§ Goal of the exercise: Every line below must be copied as written, except for pictures.

§ Data block:
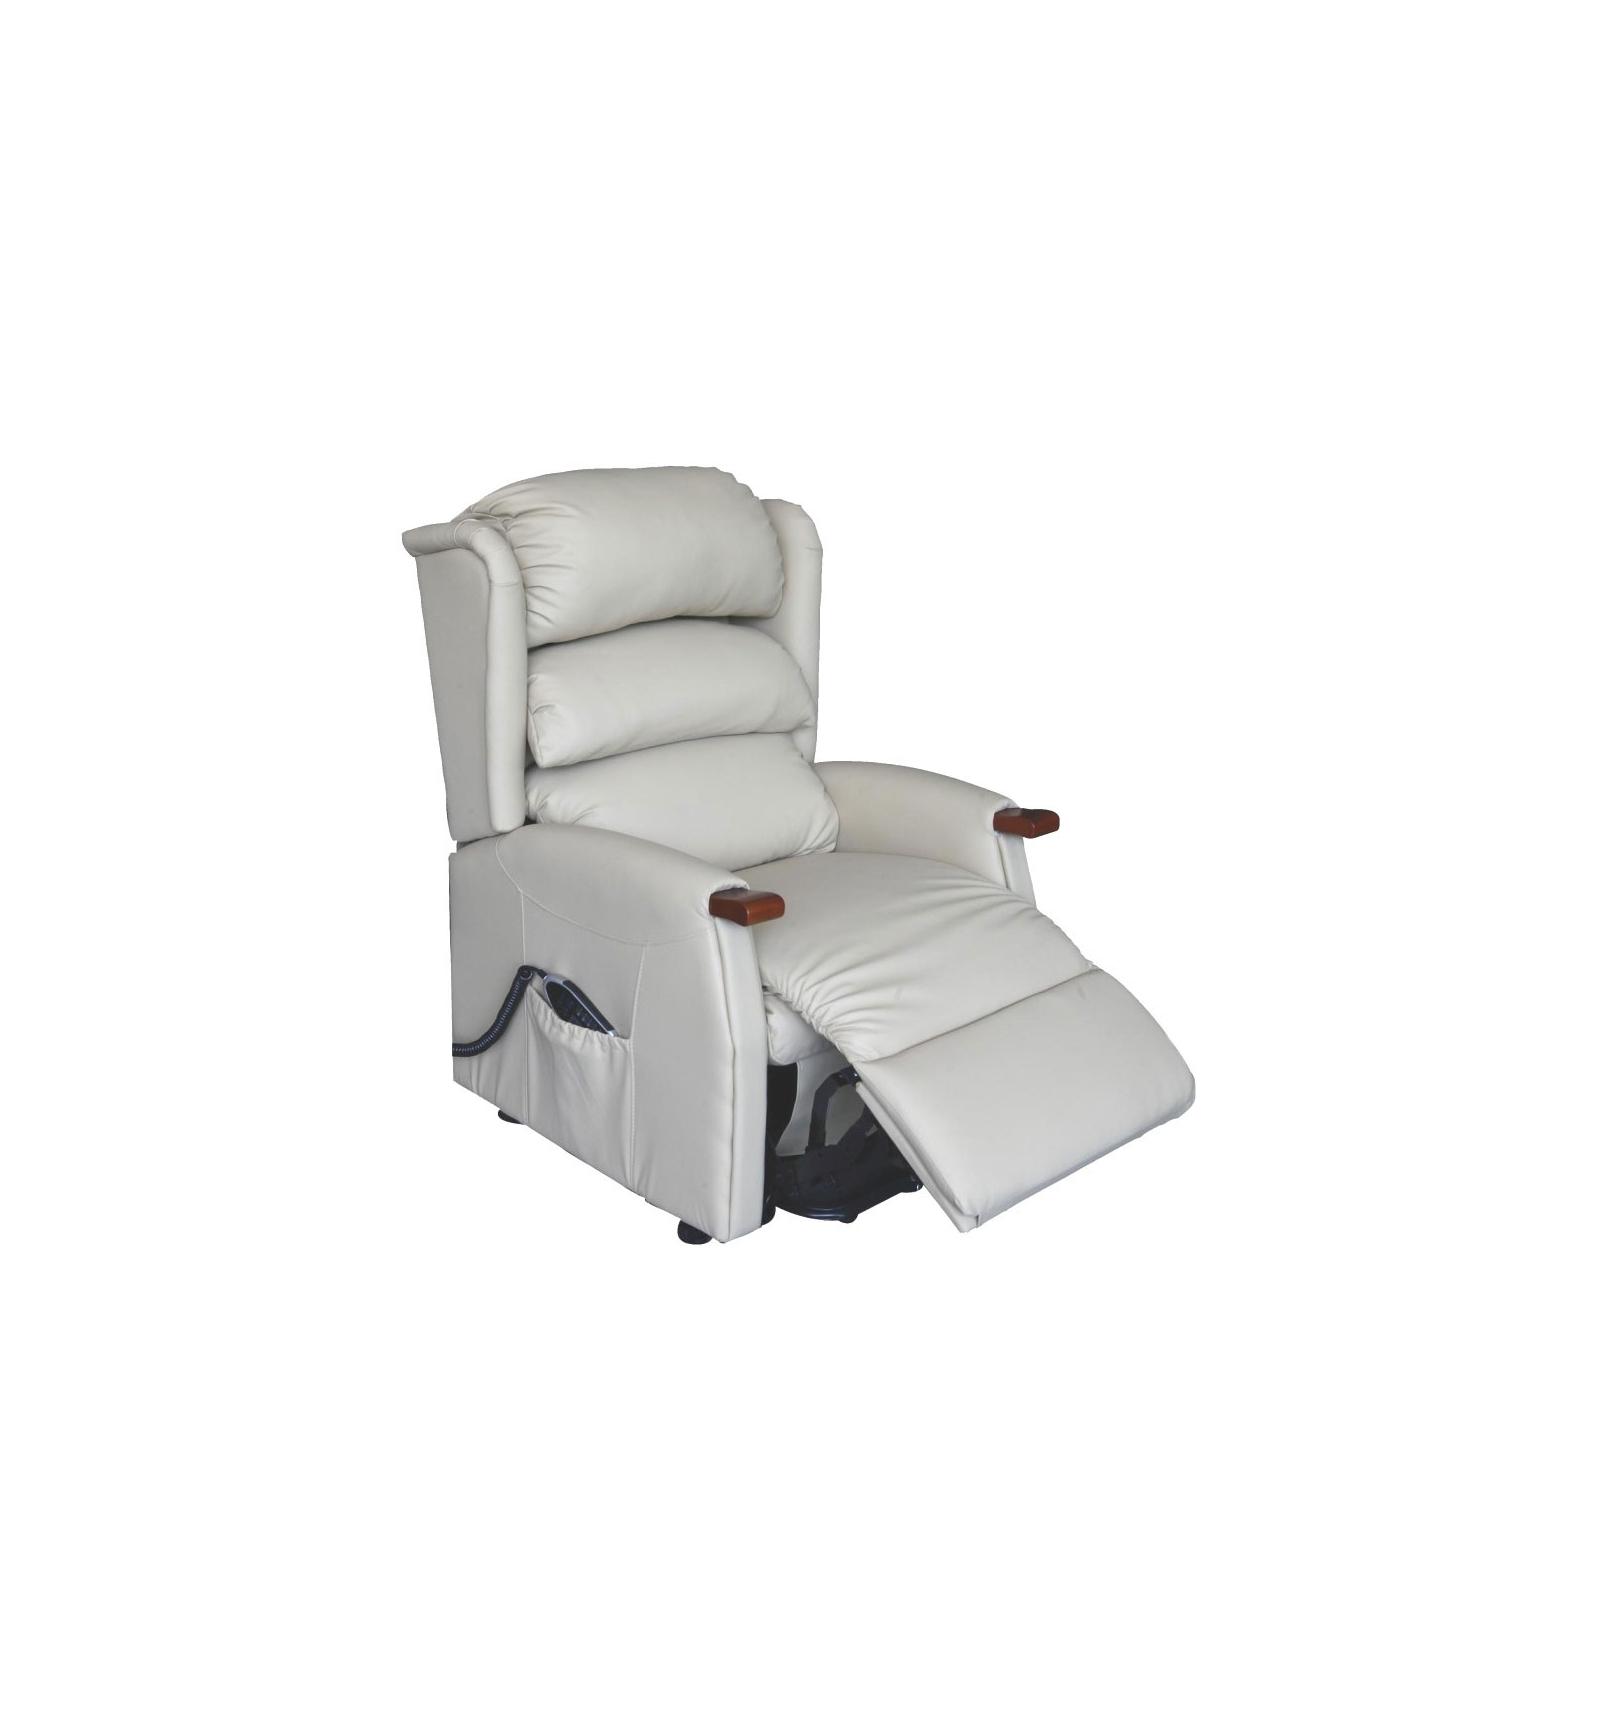 Sessel Aufstehhilfe Elektrisch Sessel Mit Aufstehhilfe Elektrisch
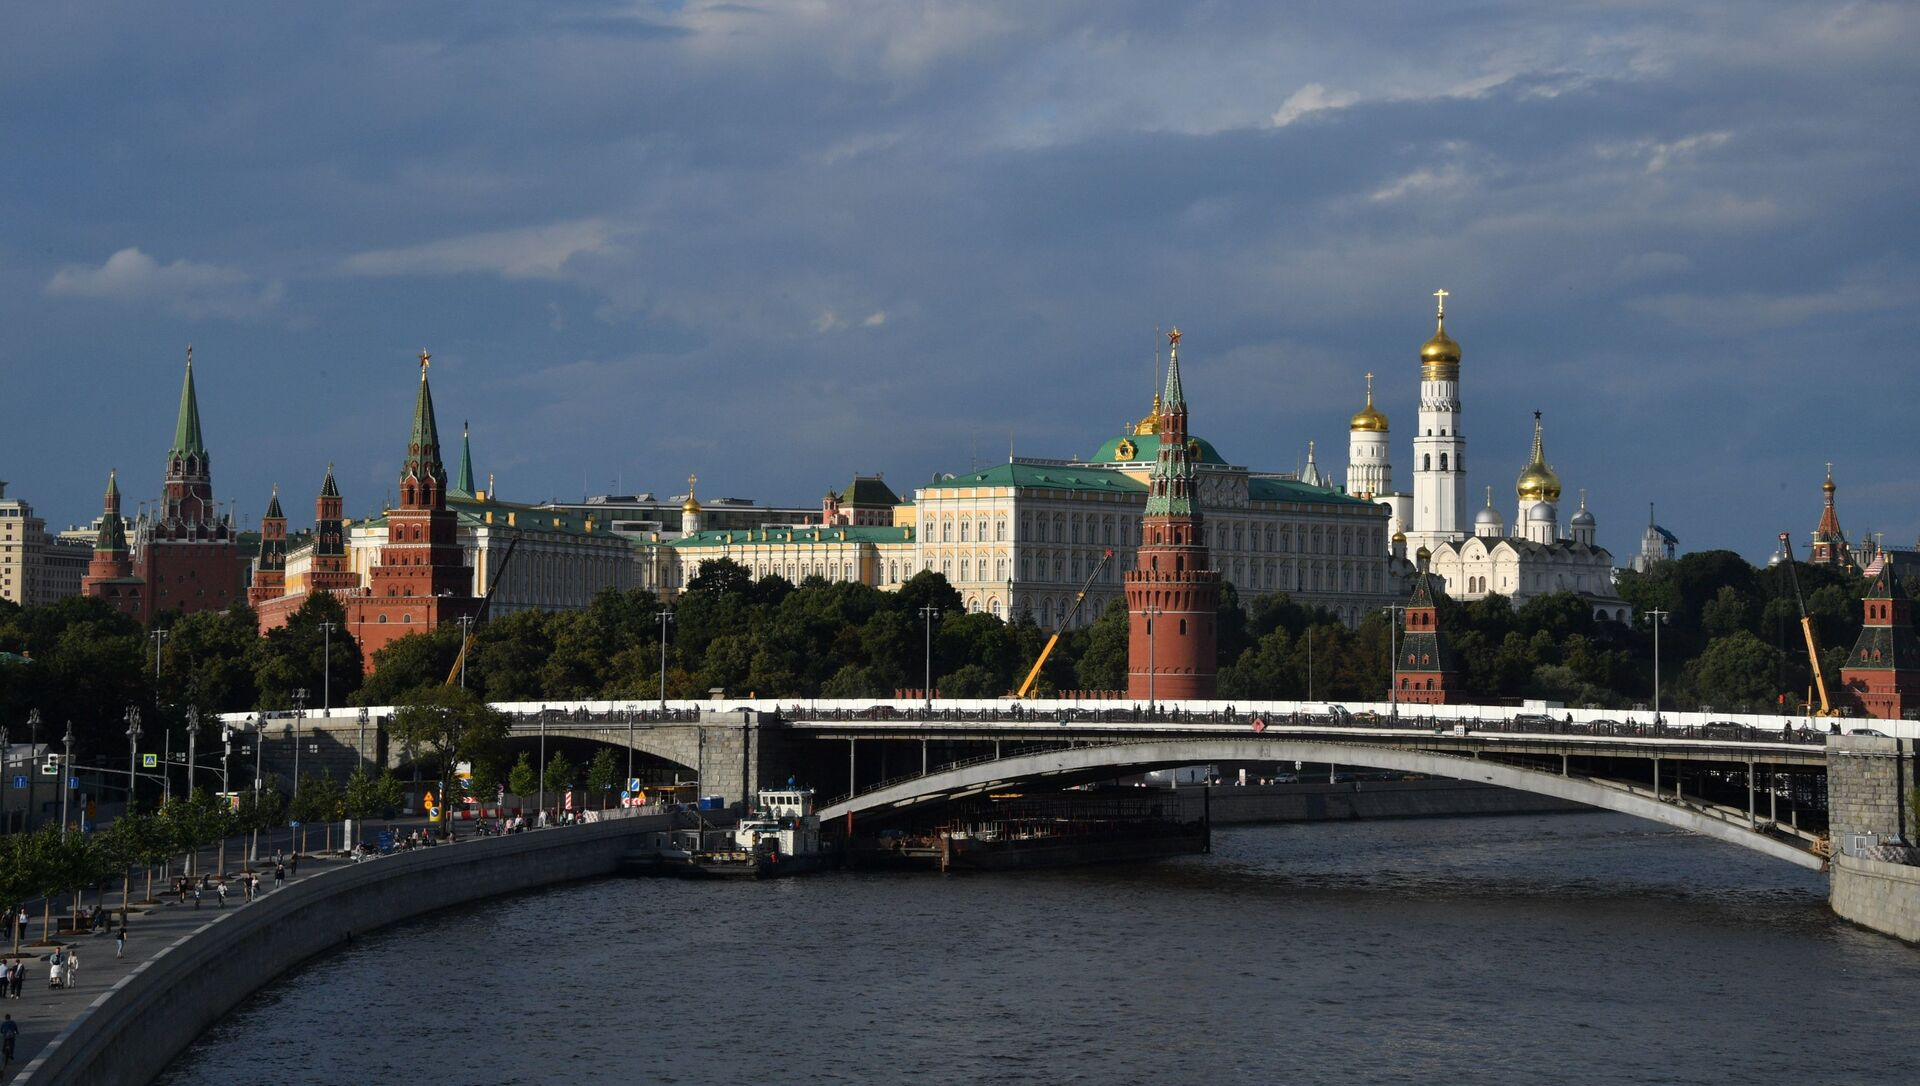 Поглед на Камени мост и Кремљ у Москви - Sputnik Србија, 1920, 05.04.2021
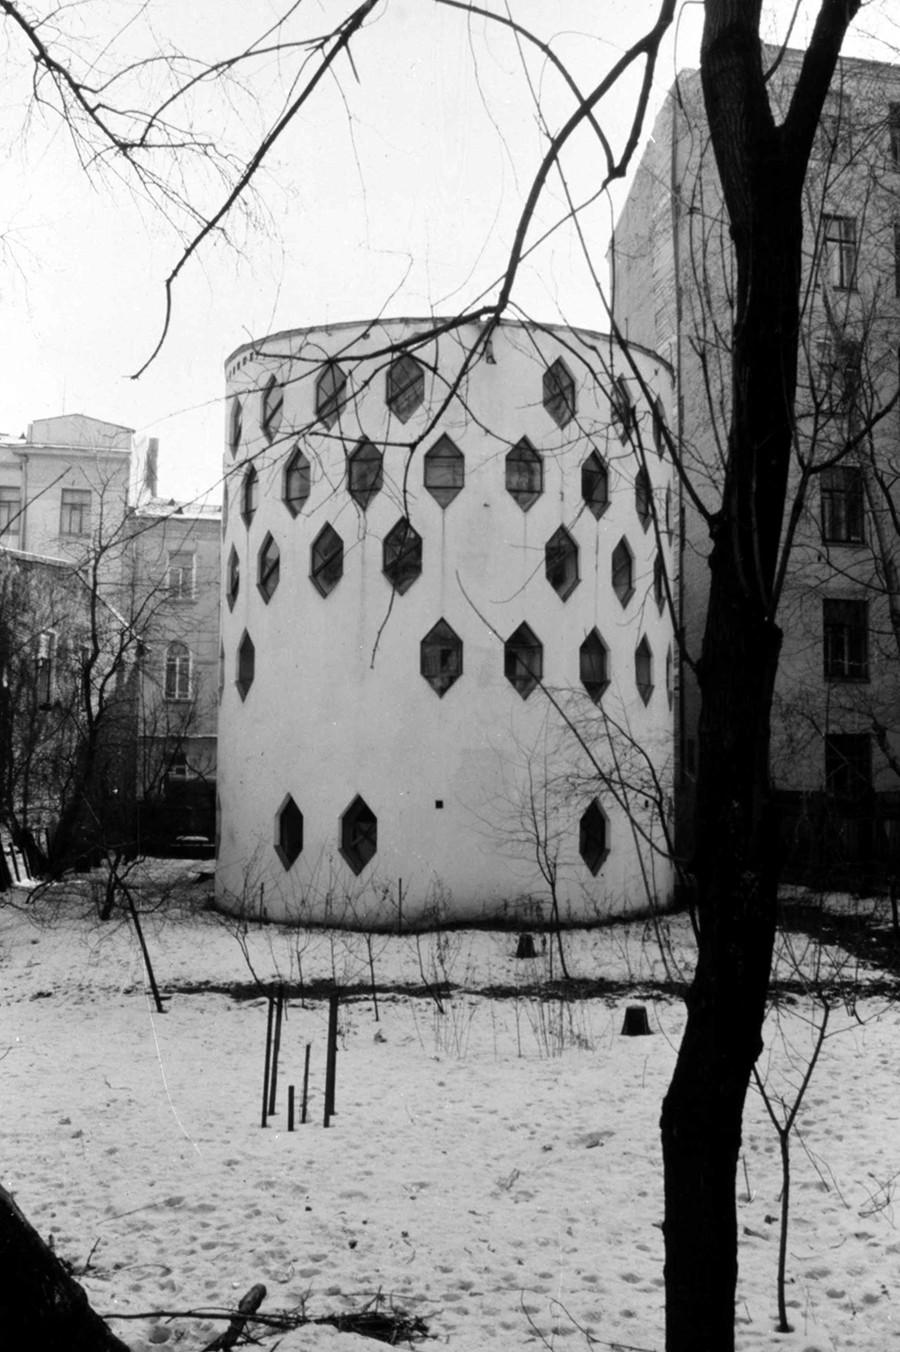 Moskau: Melnikow-Haus (1927), Foto 1984. Hier baute sich der sowjetische Architekt Konstantin Melnikow ein Studio und Einfamilienhaus. Da damals jedes Privateigentum verstaatlicht und Massenwohnblocks errichtet wurden, war das eine Ausnahme.  Das Haus war als Prototyp für spätere Rundbauten gedacht.
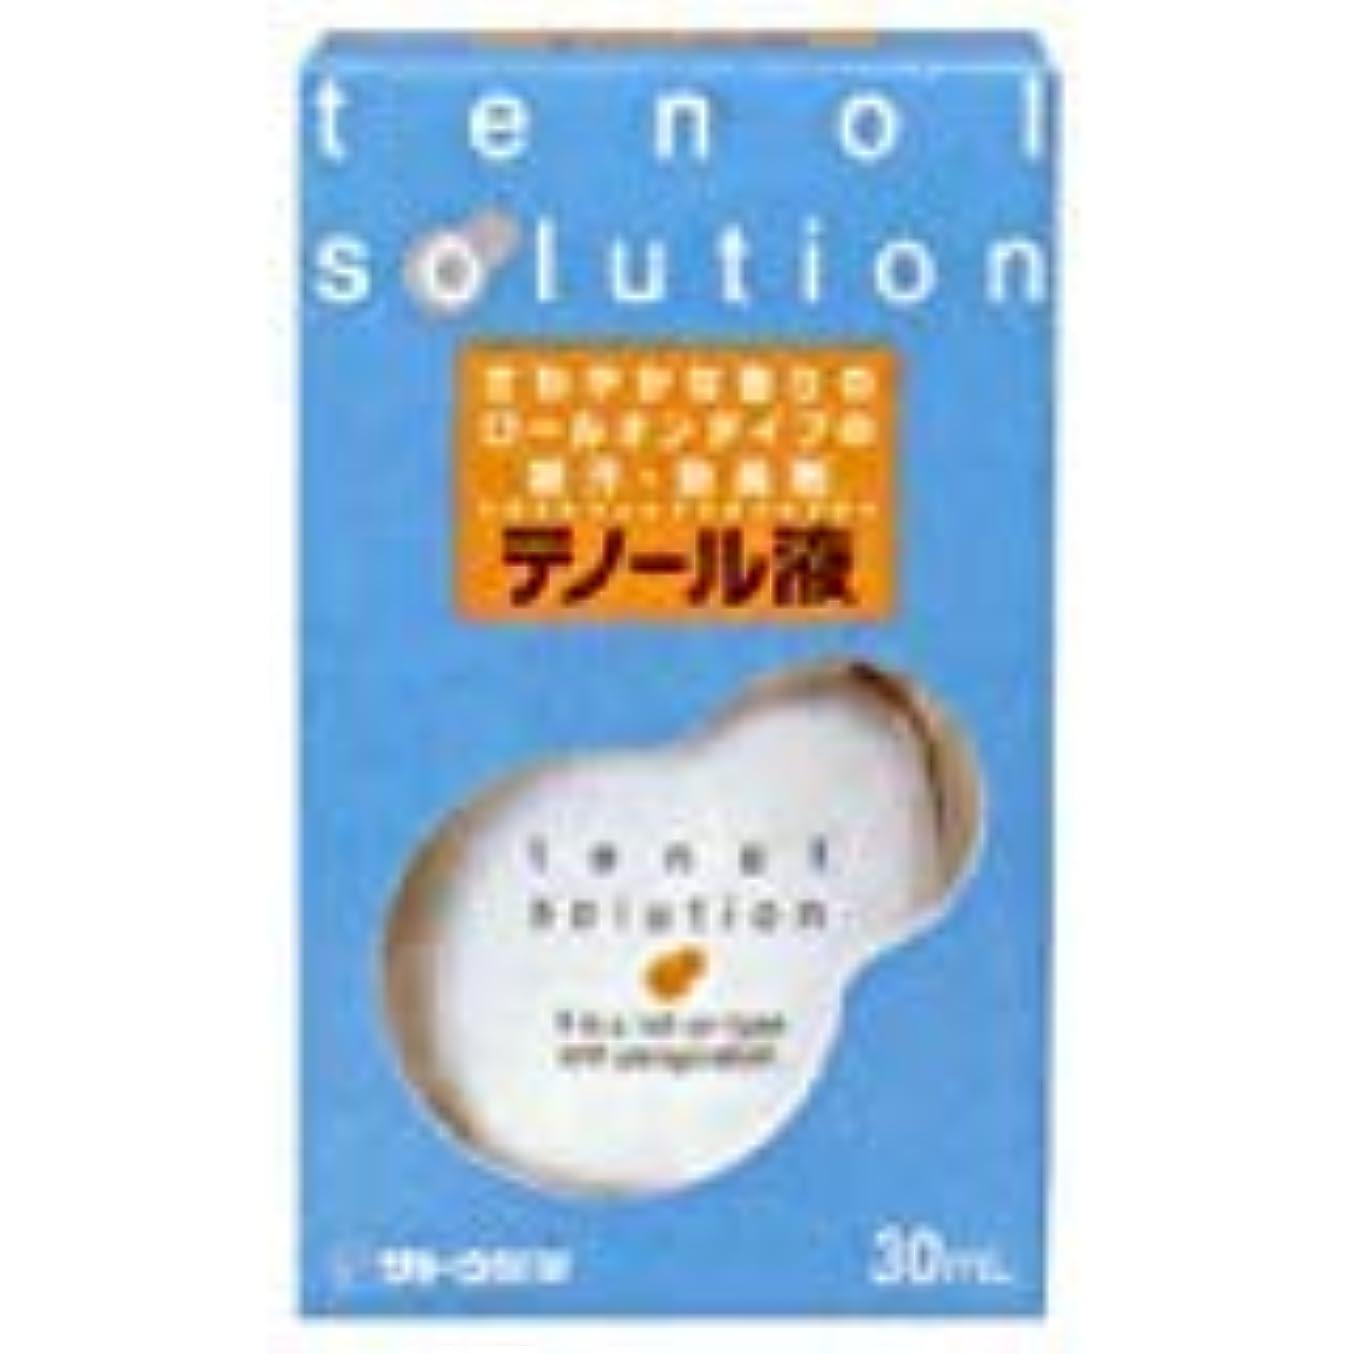 是正するヘロイン形状佐藤製薬 テノール液30ml×2 1310

§ Answer below:
 Sessel Aufstehhilfe Elektrisch Sessel Mit Aufstehhilfe Elektrisch
 Поглед на Камени мост и Кремљ у Москви - Sputnik Србија, 1920, 05.04.2021
 Moskau: Melnikow-Haus (1927), Foto 1984. Hier baute sich der sowjetische Architekt Konstantin Melnikow ein Studio und Einfamilienhaus. Da damals jedes Privateigentum verstaatlicht und Massenwohnblocks errichtet wurden, war das eine Ausnahme.  Das Haus war als Prototyp für spätere Rundbauten gedacht.
 是正するヘロイン形状佐藤製薬 テノール液30ml×2 1310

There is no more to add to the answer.